Content starts

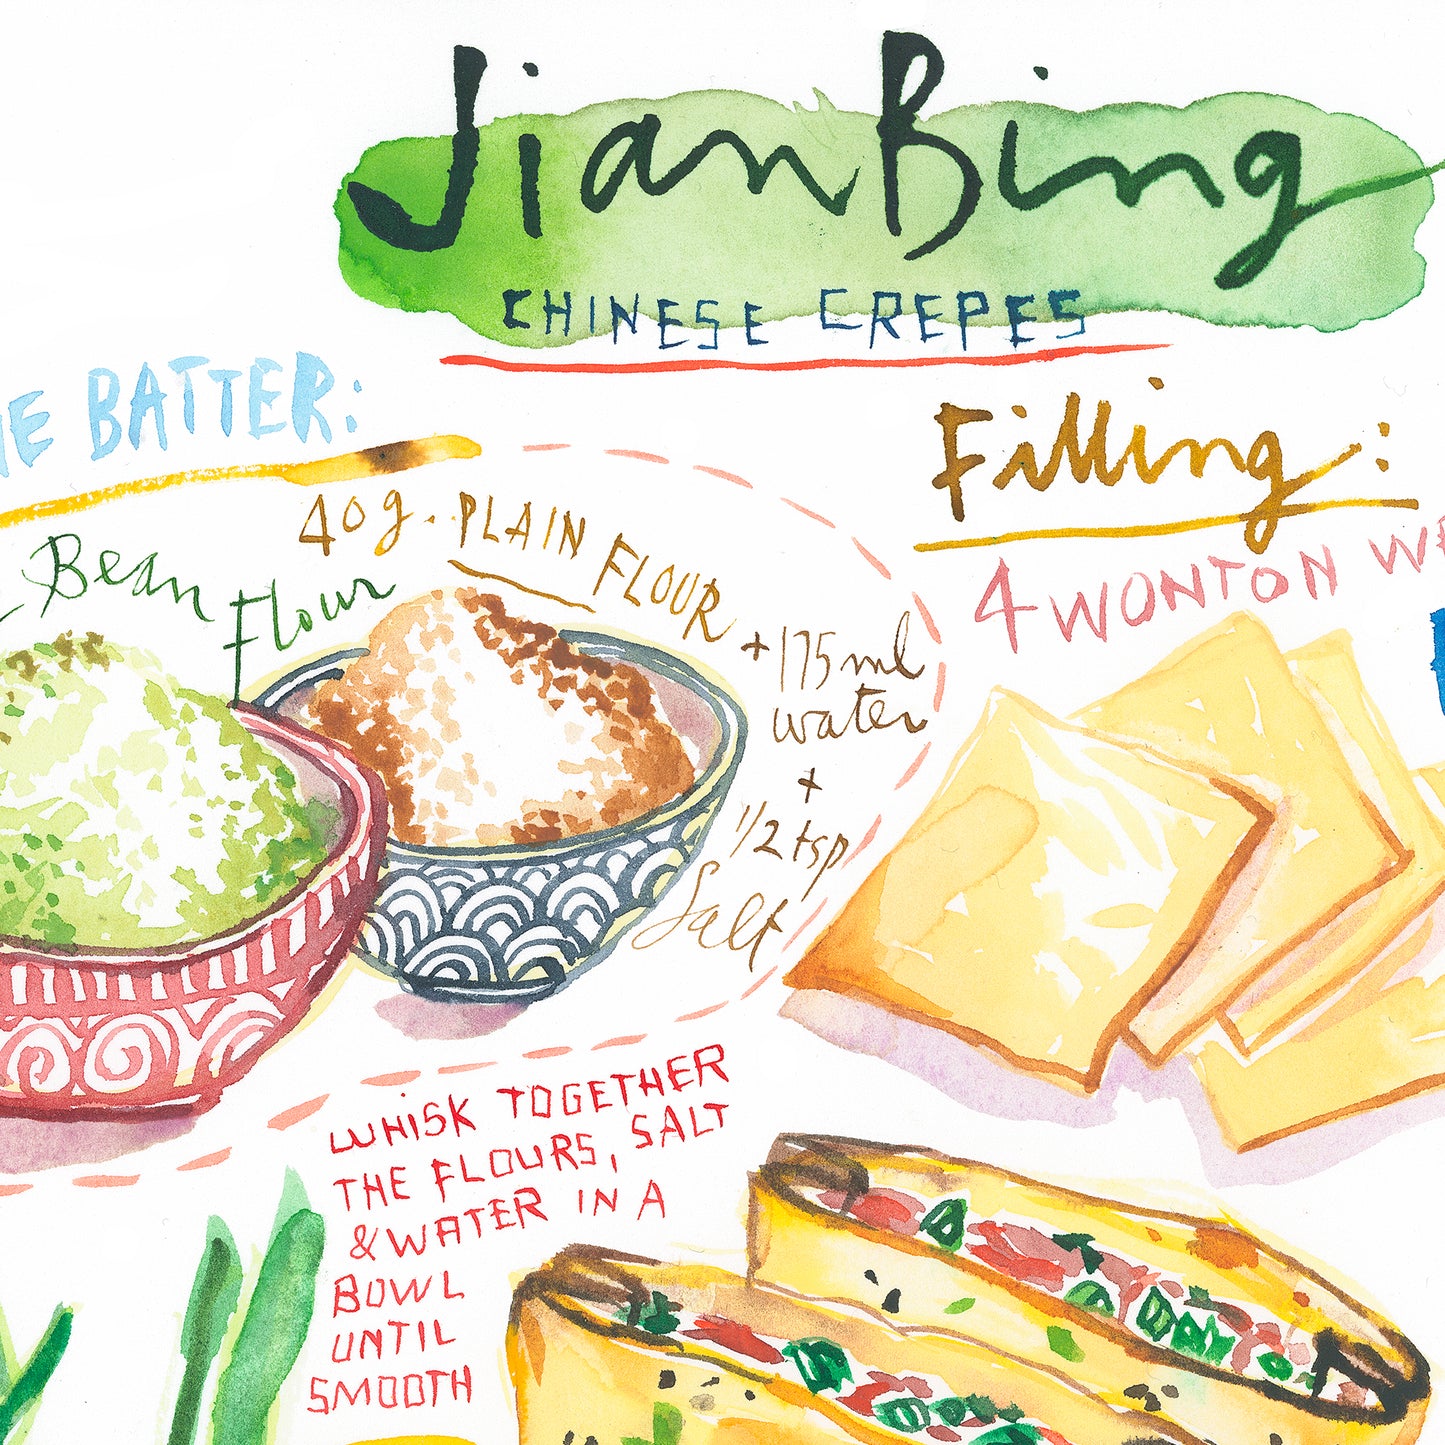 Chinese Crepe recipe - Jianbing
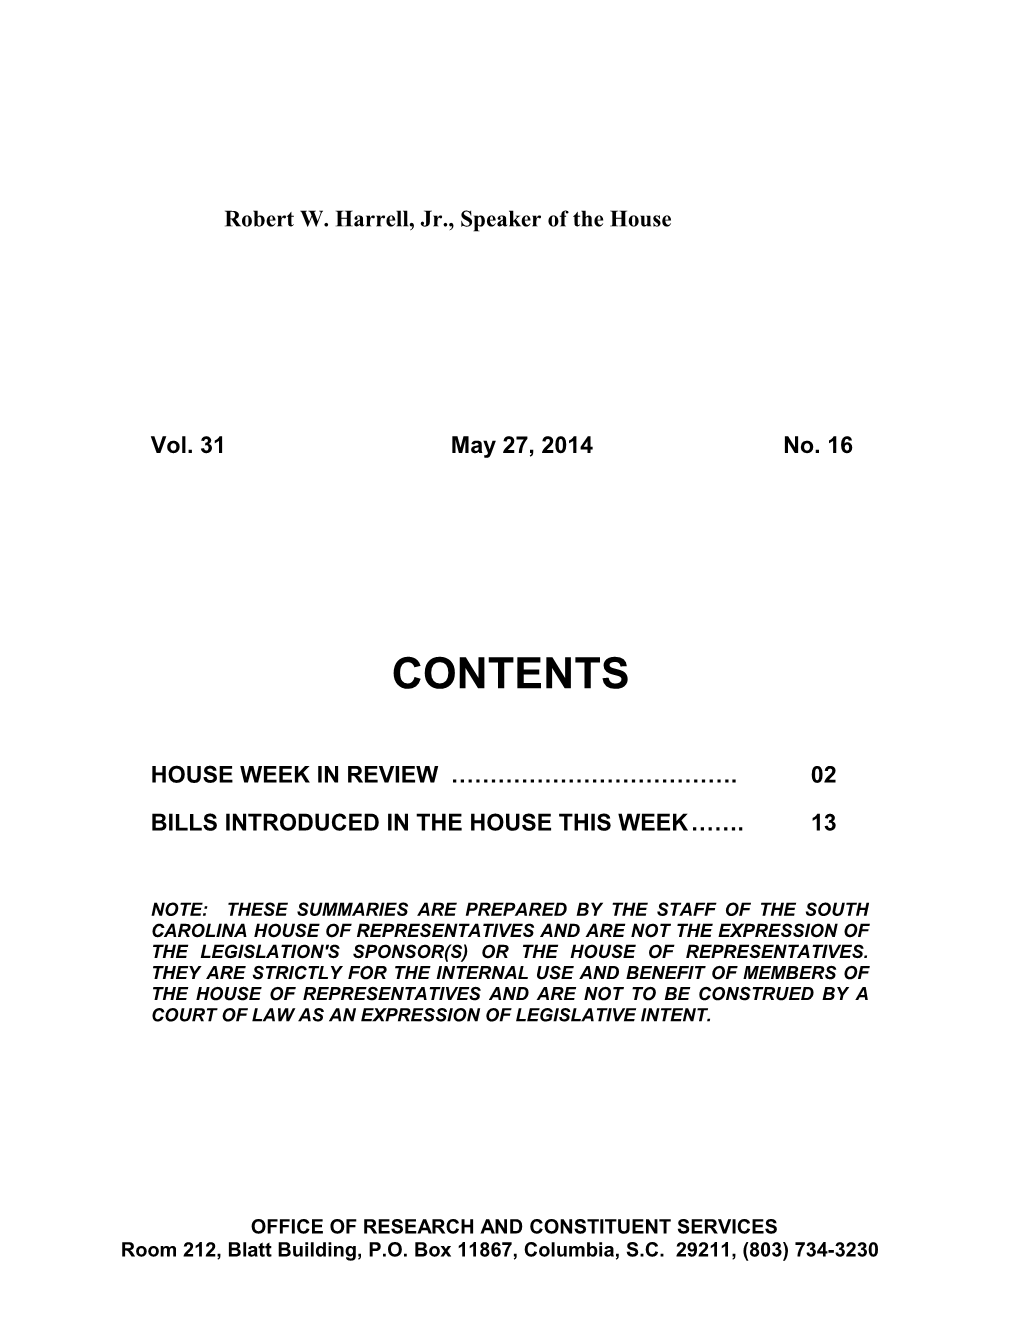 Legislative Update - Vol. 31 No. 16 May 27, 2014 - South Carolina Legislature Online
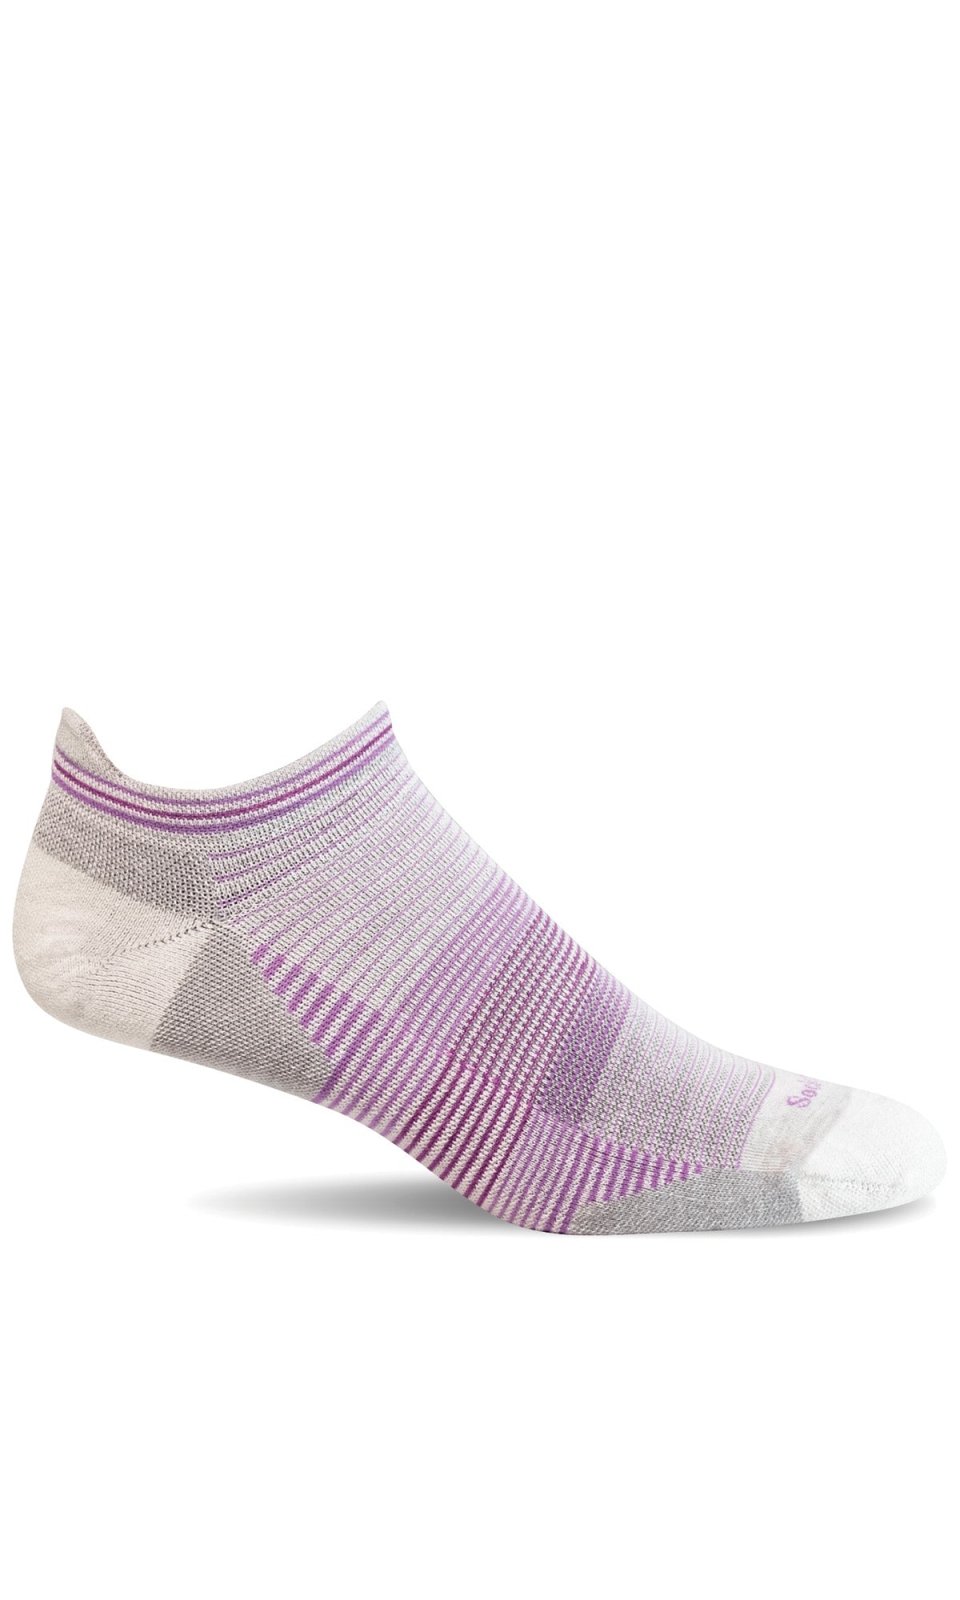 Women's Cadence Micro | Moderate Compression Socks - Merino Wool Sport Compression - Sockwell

Content ends

**TASK GOAL**
The range to set down runs from the line containing "Legislative Update - Vol." through the final line of the data, both ends included; give it exactly and drop the pictures.

**SOLUTION TO THE PROBLEM**
 Legislative Update - Vol. 31 No. 16 May 27, 2014 - South Carolina Legislature Online
 Women's Cadence Micro | Moderate Compression Socks - Merino Wool Sport Compression - Sockwell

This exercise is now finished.